Like its Heritage Conversations series, Reading Africa offers an opportunity for critical reflections about intellectual productions with regard to the continent of Africa and Africans. Whether for good or ill purposes, Africa is seen by most, including many Africans themselves, as to be the poorest among the continents of the world. This unsavory depiction of Africa as, in Conrad’s voice, “the dark continent,” seems to have seamed through layers of consciousness into near perpetuity, forming the congealed ideology that brings down the cudgel of coloniality.

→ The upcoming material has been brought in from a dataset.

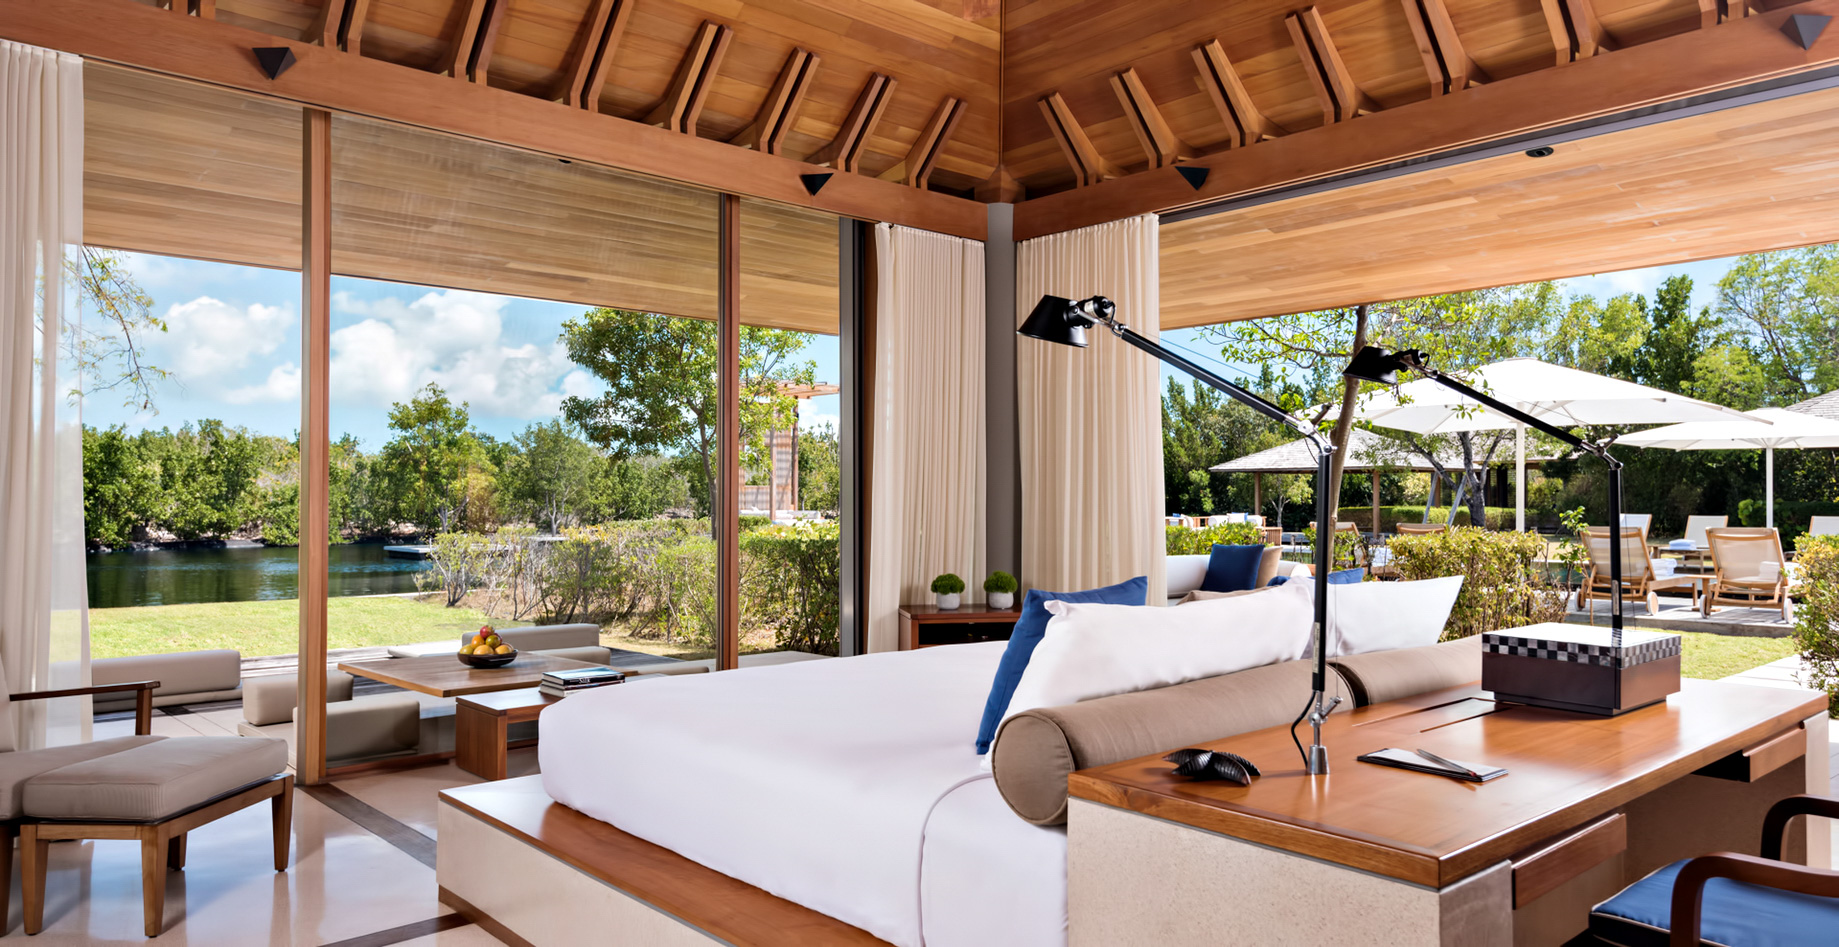 Amanyara Resort – Providenciales, Turks and Caicos Islands – 3 Bedroom Tranquility Villa Bedroom Water View
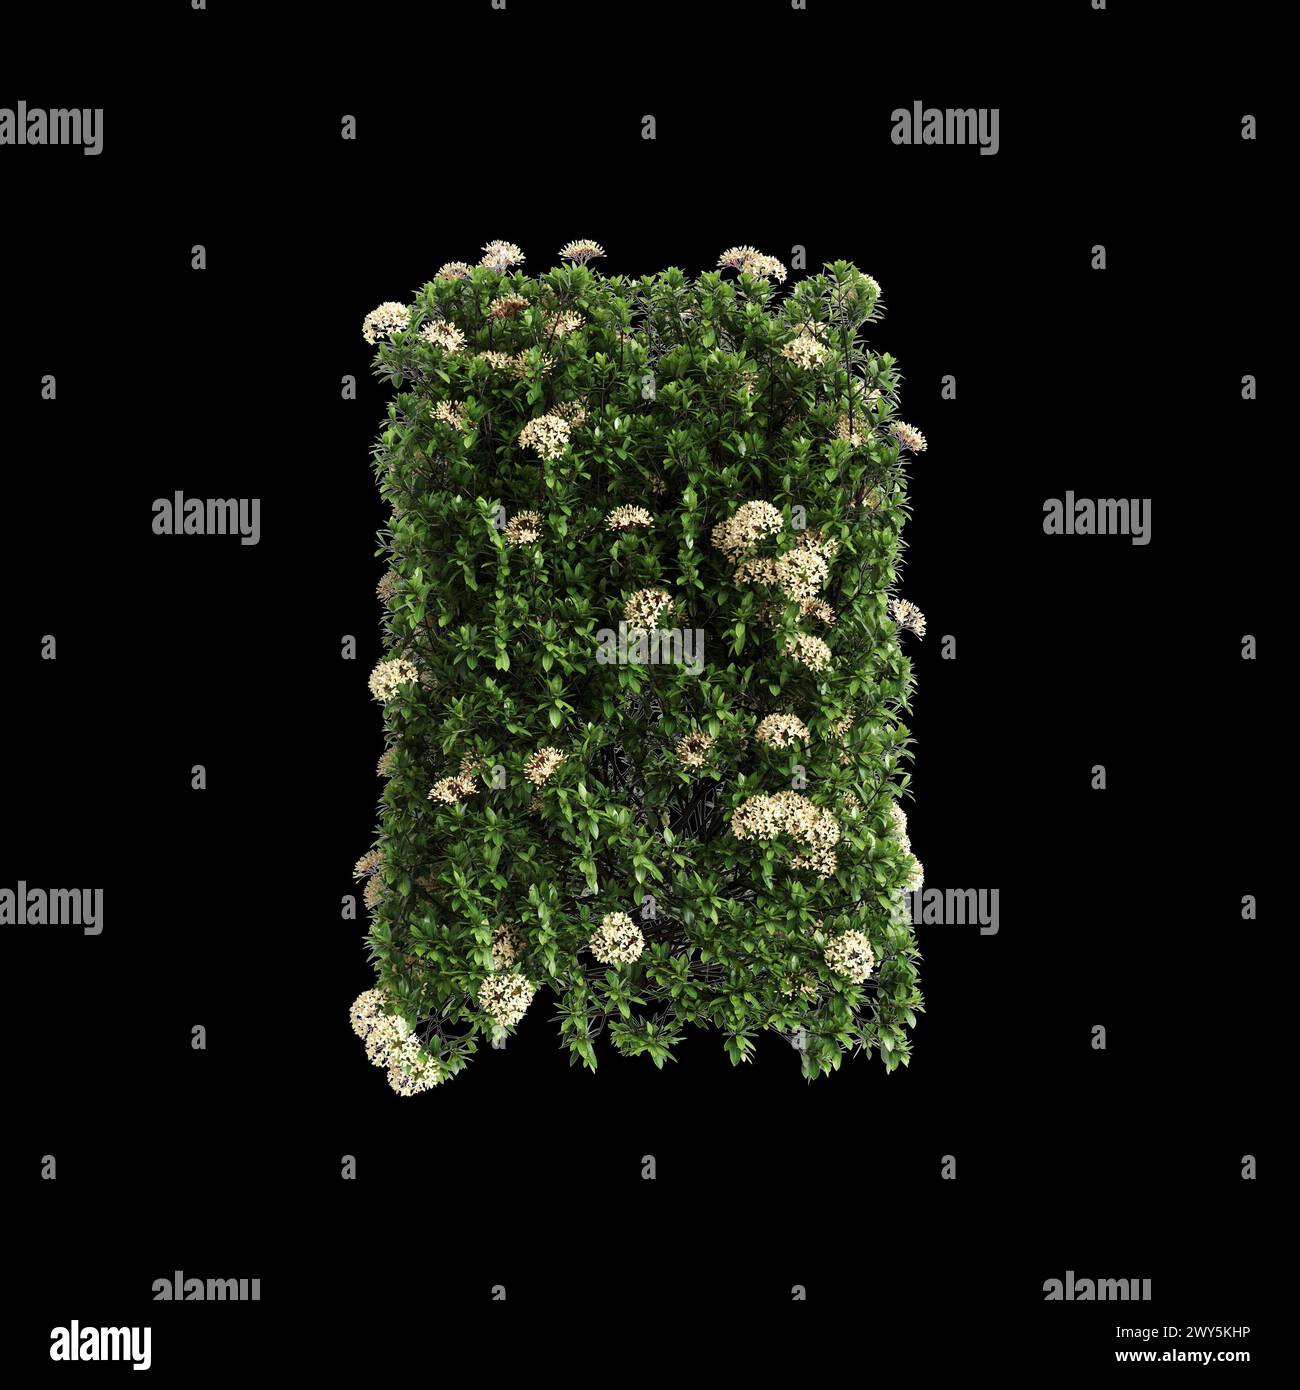 3d illustration of Ixora taiwanensis bush isolated on black background Stock Photo

Through the generous donations and support of co-sponsors, a few registered participants will receive all the assigned texts to be read during any session. Participants may use the QR code or link below to complete their registration.
1. Heart of Darkness by Joseph Conrad (1899)
2. Things Fall Apart by Chinua Achebe (Nigeria, 1958)
3. King Solomon’s Mines by H. Rider Haggard (1885)
4. Dark Star Safari by Paul Theroux (2002)
5. White Man’s Burden by Rudyard Kipling (1899, poem)
6. Weep Not, Child by Ngũgĩ wa Thiong’o (Kenya, 1964)
7. So Long a Letter by Mariama Bâ (Senegal, 1979)
8. Americanah by Chimamanda Ngozi Adichie (Nigeria, 2013)
9. The Souls of Black Folk by William Edward Burghardt Du Bois (USA1903)
10. Invention of Africa: Gnosis, Philosophy, and the Order of Knowledge (Part of the African Systems of Thought Series), by Valentin-Yves Mudimbe
11. Chronicles from the Land of the Happiest People on Earth, Wole Soyinka (2021)
12. The Road to the Country: A Novel by Chigozie Obioma (2024)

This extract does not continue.